Have you ever been walking through the grocery store or trying to fall asleep when, all of the sudden, you’re hit with a wave of embarrassment over something that happened a long time ago? Maybe it was the time you dropped all your textbooks in a quiet school hallway in seventh grade, or maybe you told a server at a restaurant to also enjoy their meal last week. If it makes you feel better, you’re not alone: Dealing with the occasional flashback to a cringe-tastic moment that seems to come out of the blue is a pretty universal experience. Bustle spoke with an expert about why people think about embarrassing memories years later — and about when this normal habit becomes unhealthy.
While most people would probably prefer to go their entire lives without having to deal with an embarrassing situation again, this dreaded feeling actually serves an important psychological purpose. According to Psychology Today, embarrassment is considered a “self-conscious” emotion. Simply put, it helps you examine your behaviors, thoughts, and how you conduct yourself in social situations, so you can learn and grow as a person in the future. As Forbes reported, a 2012 study found that people who are easily embarrassed are more trustworthy — and more generous — than their peers. Furthermore, as fellow Bustle writer JR Thorpe explained that the physical signs of embarrassment, such as blushing, have been shown to help foster closeness in social circles, and makes folks more prone to forgiving the person feeling embarrassed.

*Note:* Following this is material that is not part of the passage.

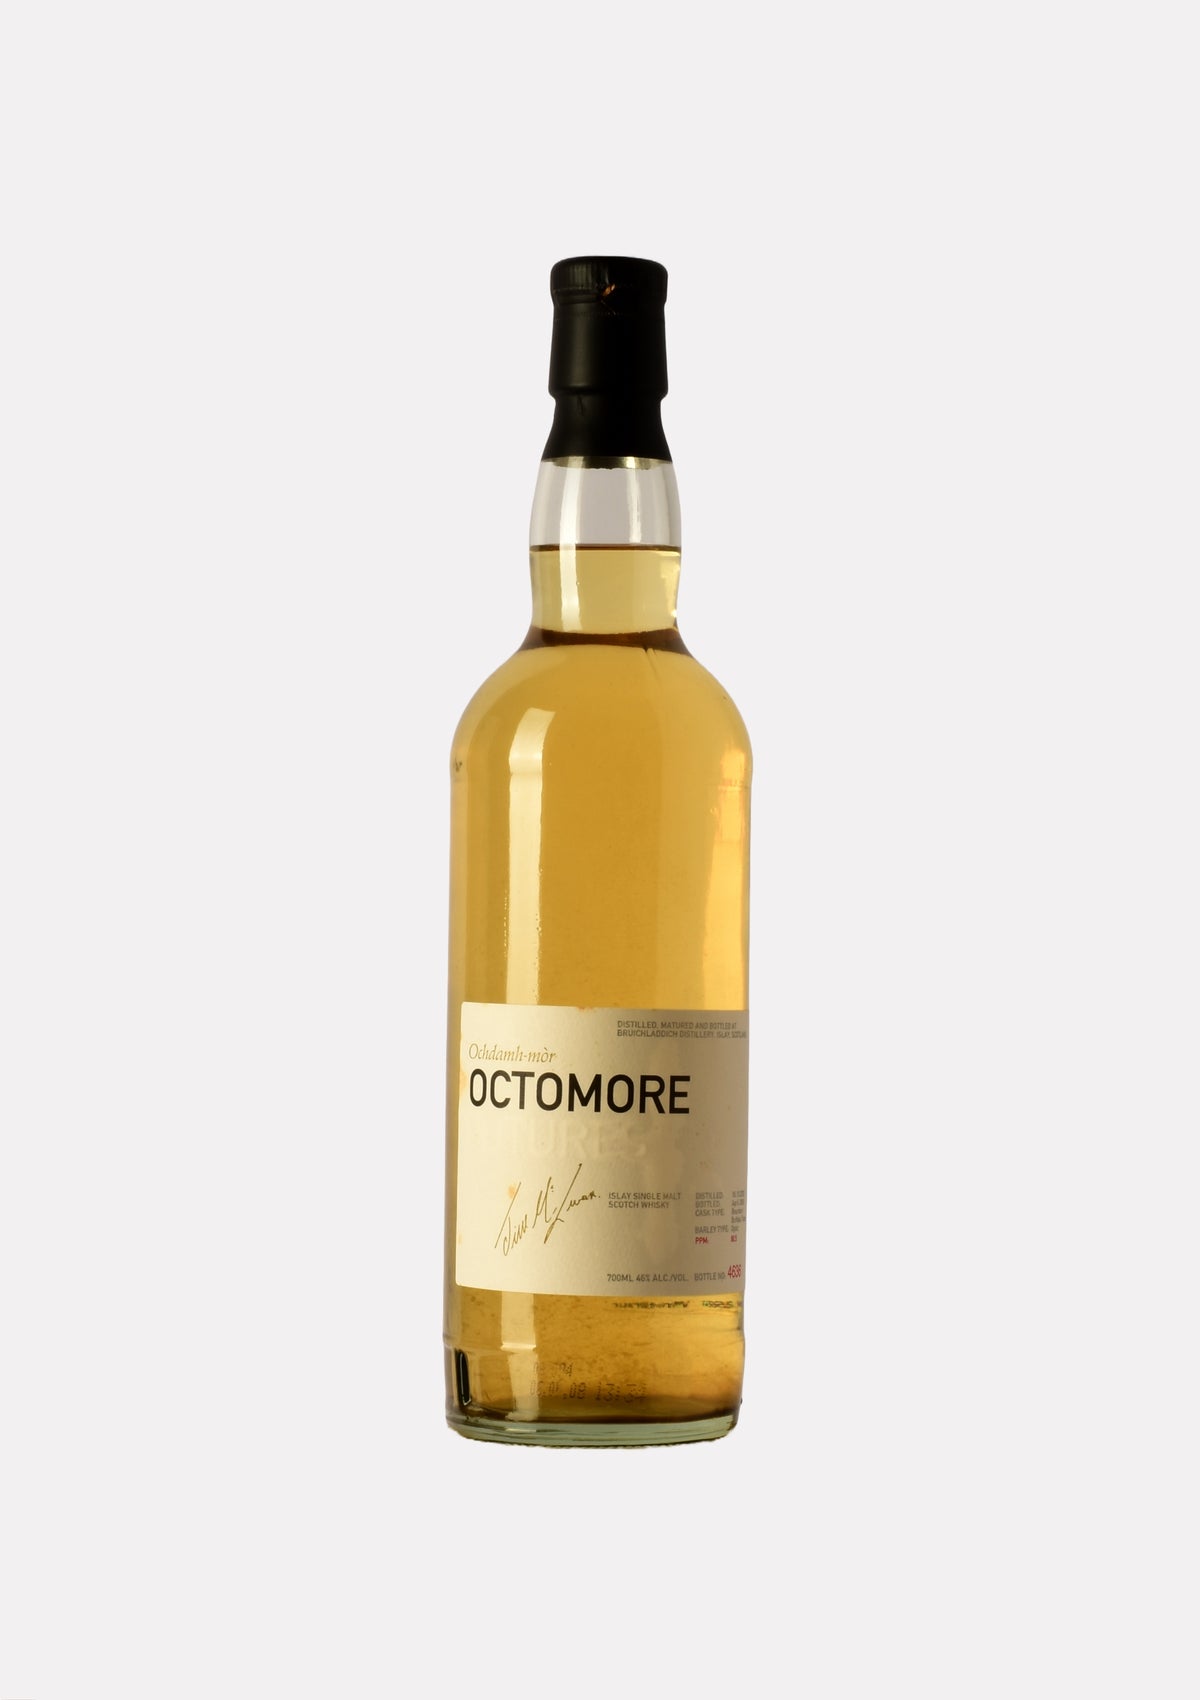 Octomore Futures 80.5 ppm

“Thoughts about past embarrassing experiences may certainly be a part of anxiety or depression, but they can also pop up as a part of normal day-to-day life,” Jacob Goldsmith, Ph.D., a licensed clinical psychologist and coordinator of the Emerging Adult Program at The Family Institute at Northwestern University, tells Bustle. “Sometimes the thought is meaningful, and sometimes, it is not.”
Like the emotion itself, Goldsmith explains that thinking about old, embarrassing memories is both “healthy and normal,” and may be a sign that you need to tweak or change some of your behaviors, especially when it comes to social situations. This “change” could even be something as simple as remembering to lift your feet when walking over different areas of the sidewalk, because you tripped before at the same spot.
“The trick is to be open to receiving the message — that is understanding that I need to make a change — without getting caught up in a spiral of rumination, and shame that doesn’t contribute to positive change,” Goldsmith says. “If you think the embarrassing thought points to something you can and should change, actually taking action, and making change will go a long way to stopping the rumination.”
Science has shown our brains are hardwired to think more negatively, and it can actually be tricky (but definitely not impossible!) to train your mind to into being more positive on a regular basis. So for some people, Goldsmith says, the habit of ruminating on humiliating moments may reinforce negative thinking — especially if “a person feels sad or ashamed, and digs through unresolved past experiences for memories that support these feelings.” He adds that, “In this case, the embarrassing memory is a signal that a person needs to work to build self-compassion and self-esteem, and break the cycle of negative thinking.”
Lacking in self-compassion and positivity aren’t necessarily indicative of a mental health issue, but when previous embarrassing moments become all-consuming, it may be a clue that you’re dealing with an underlying disorder. Rumination is a common symptom of anxiety, and according to the Anxiety and Depression Association of America (ADAA), around 40 million people in the U.S. every year are affected by an anxiety disorder. Specifically, the ADAA estimates that social anxiety disorder alone affects around 15 million people. “Remembering embarrassing experiences from the past become unhealthy when it is part of a pervasive pattern of negative thoughts about self, [and] anxiety about the past or future. Or, when it causes significant distress and interferes with day-to-day life,” Goldsmith says.
Luckily, once you’re aware of this thought pattern, there are ways to overcome it. “If you have these sort of thoughts often, prevention becomes important,” explains Goldsmith. He says that, in addition to using distraction as a coping skill, it’s important to “build understanding of the sort of thoughts and feelings that lead to ruminating on past embarrassing events, and work to either avoid or mitigate those triggers. […] you don’t have to deal with rumination alone. Try reaching out to someone you trust, both as a reality-check, and for compassionate support.” This may even mean seeking out the help of a therapist if embarrassing memories from the past impact your life and wellbeing.
In short, having — and occasionally reliving — embarrassing moments is an all-too-normal part of being human. This habit may propel you to make positive changes to your life, feed into negative thinking, or it could make you more aware of your mental health than you were before. The bottom line is, embarrassing memories from the past are pretty much unavoidable, but how they impact you comes down to the skills you learn to deal with these pesky thoughts when they pop up.